Dataset extract:
───
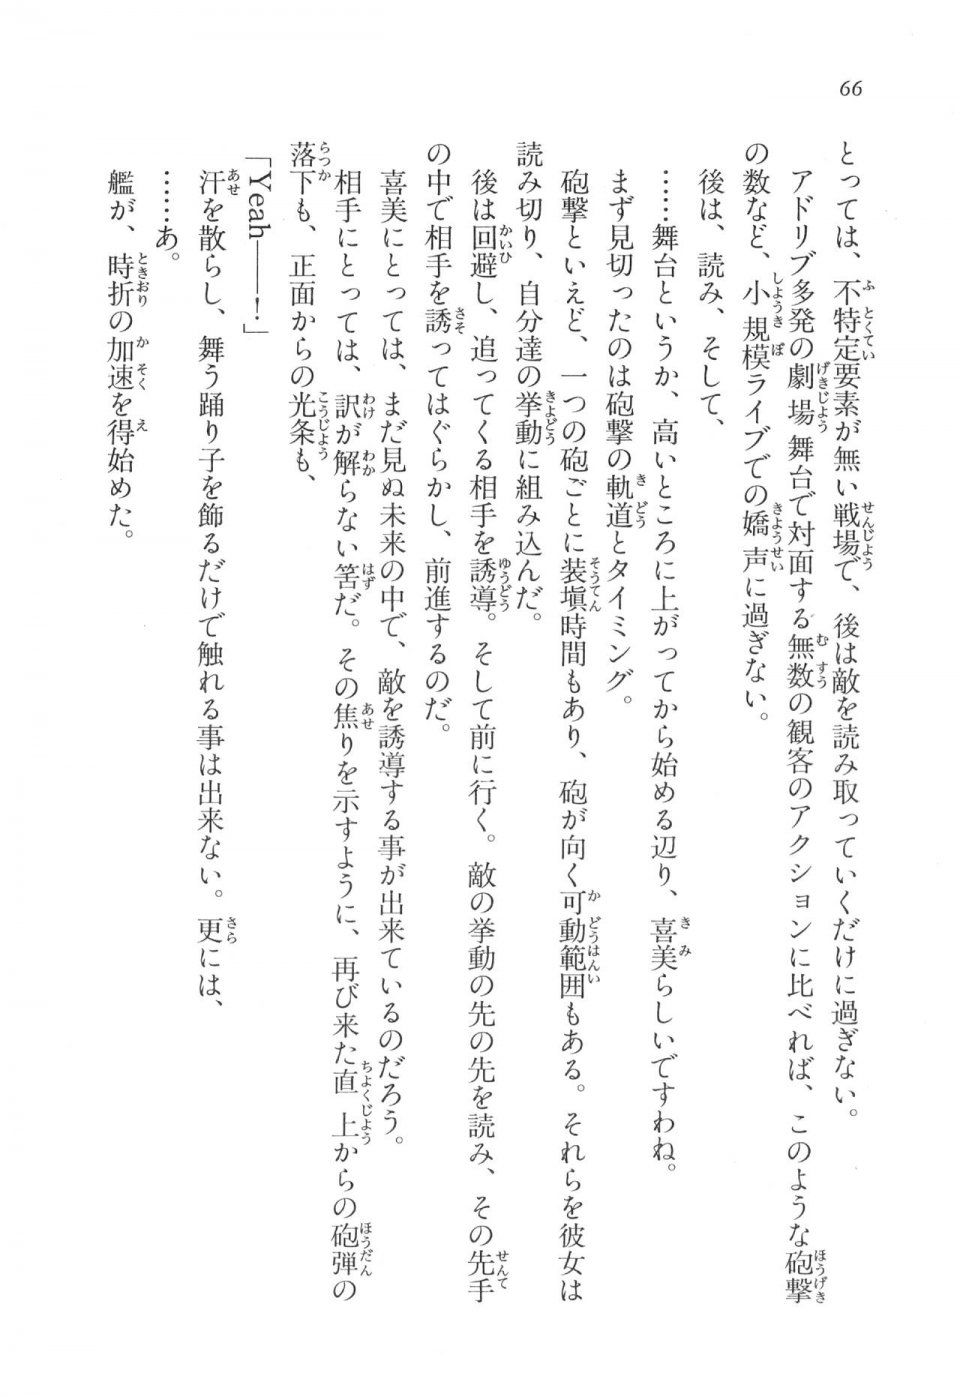 Kyoukai Senjou no Horizon LN Vol 17(7B) - Photo #66
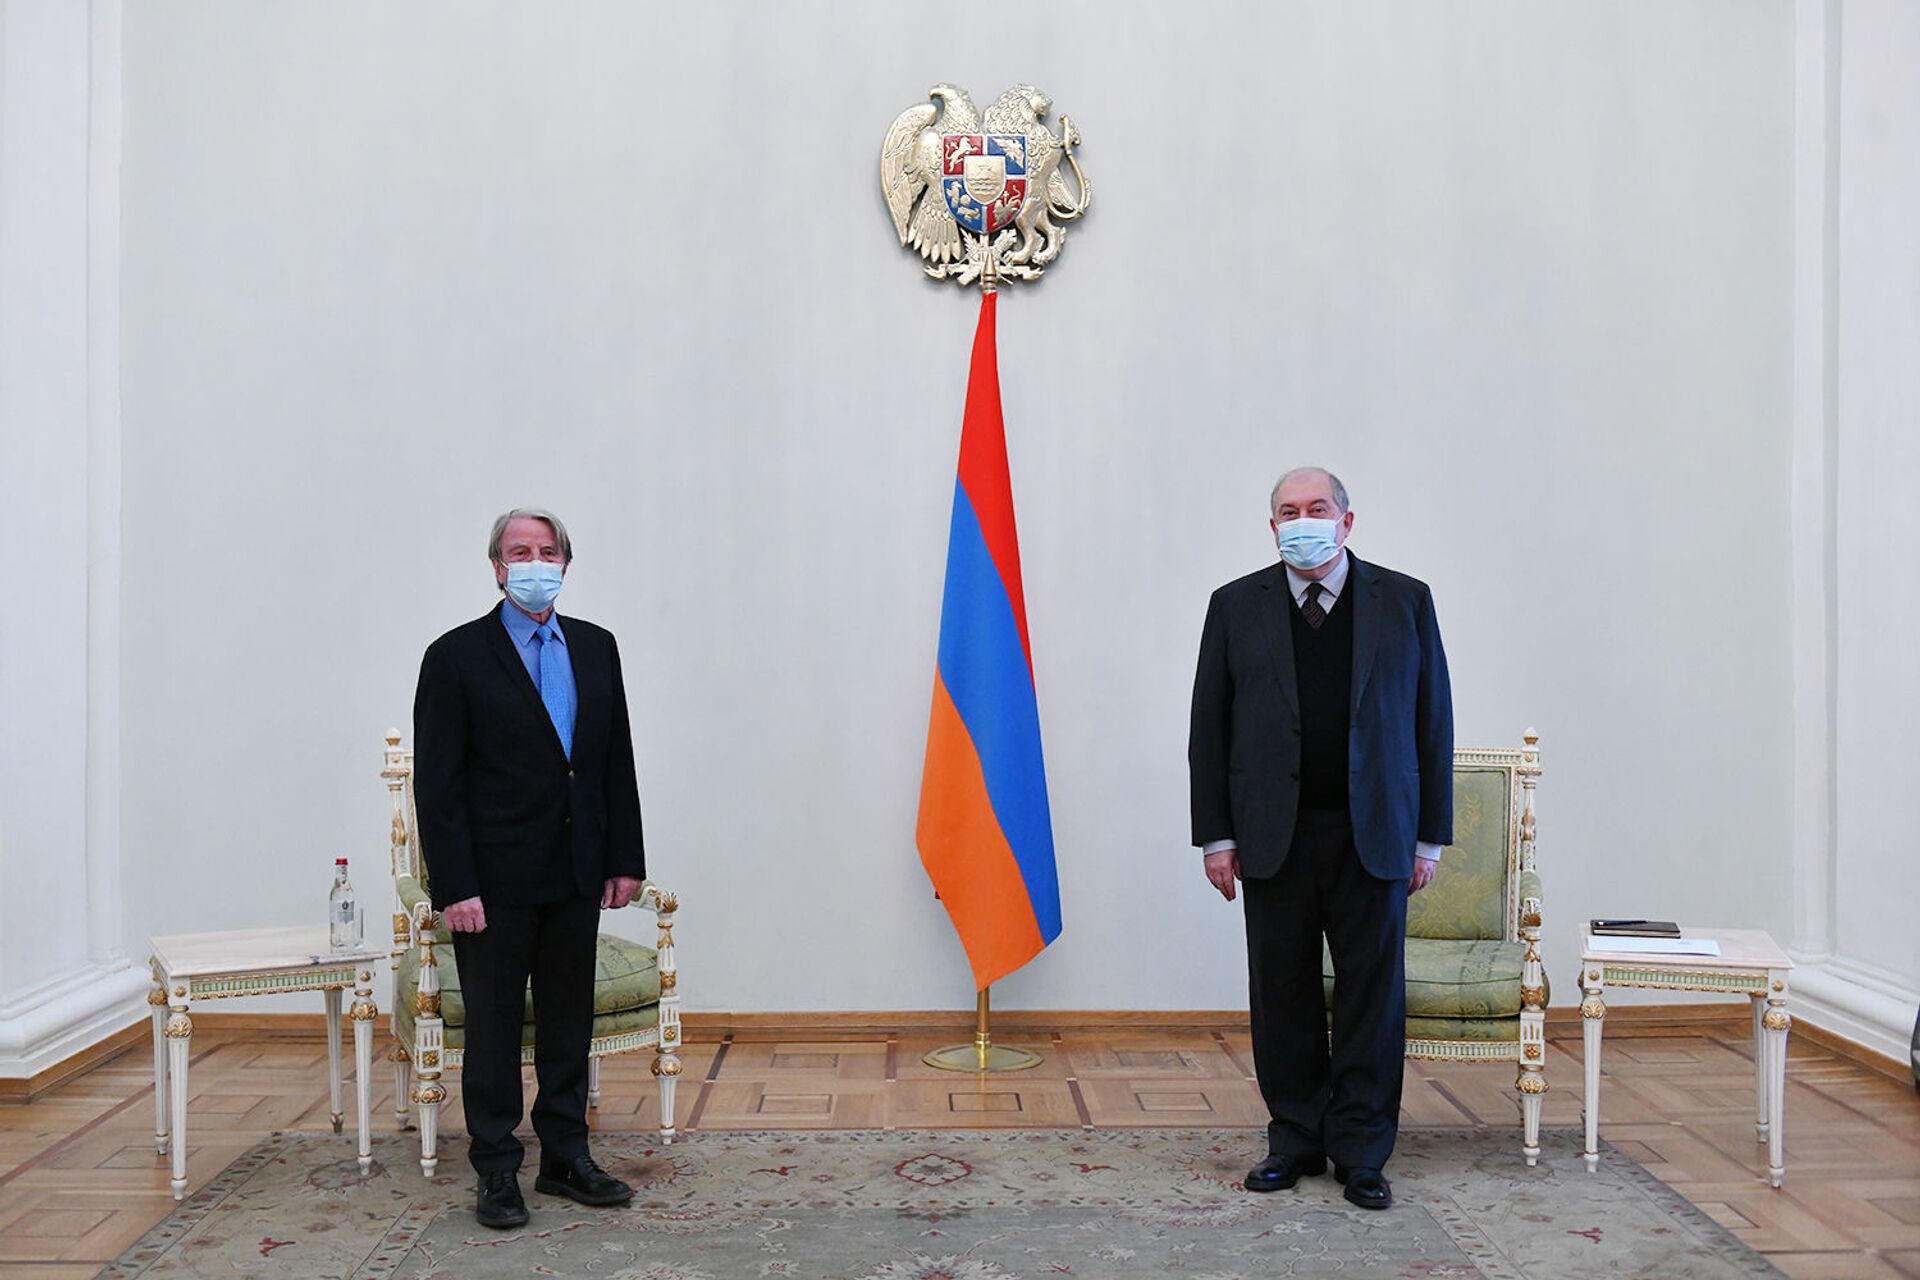 Друг познается в беде - Саркисян и Кушнер встретились в Ереване  - Sputnik Армения, 1920, 26.02.2021
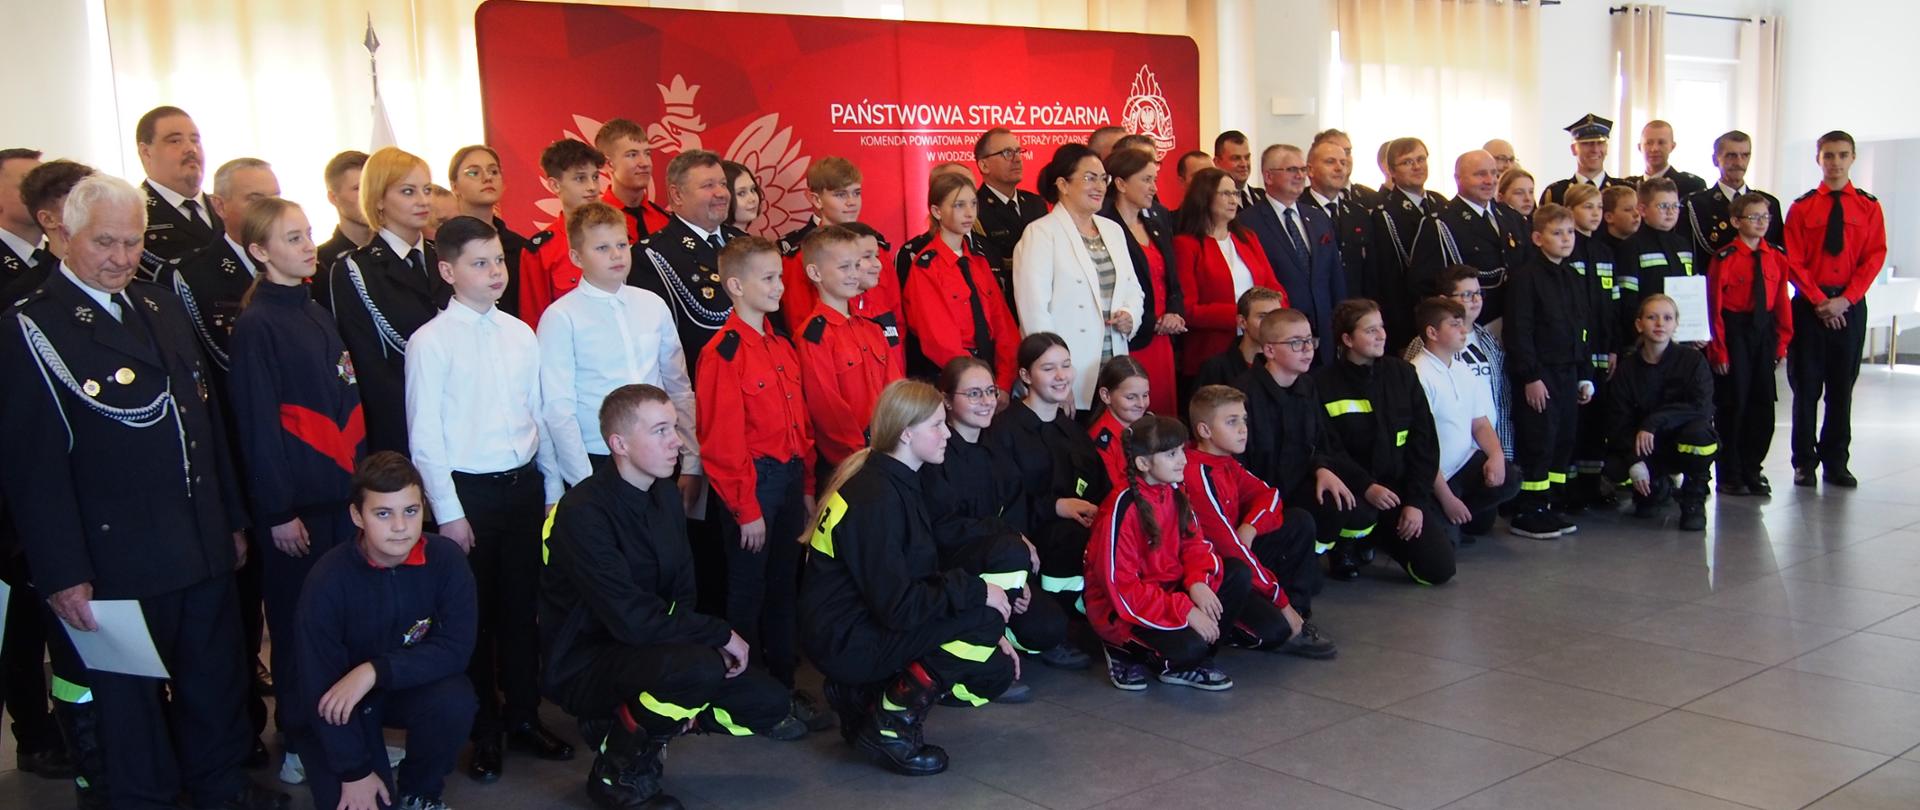 Uroczystość wręczenia promes dla Ochotniczych Straży Pożarnych na zakup sprzętu dla członków Młodzieżowych Drużyn Pożarniczych z terenu powiatu wodzisławskiego
───
Line by line and exactly, reproduce the span from the line with "Друг познается в" through the end of the data above, both ends included, with pictures left out.

Reply to the task:
 Друг познается в беде - Саркисян и Кушнер встретились в Ереване  - Sputnik Армения, 1920, 26.02.2021
 Uroczystość wręczenia promes dla Ochotniczych Straży Pożarnych na zakup sprzętu dla członków Młodzieżowych Drużyn Pożarniczych z terenu powiatu wodzisławskiego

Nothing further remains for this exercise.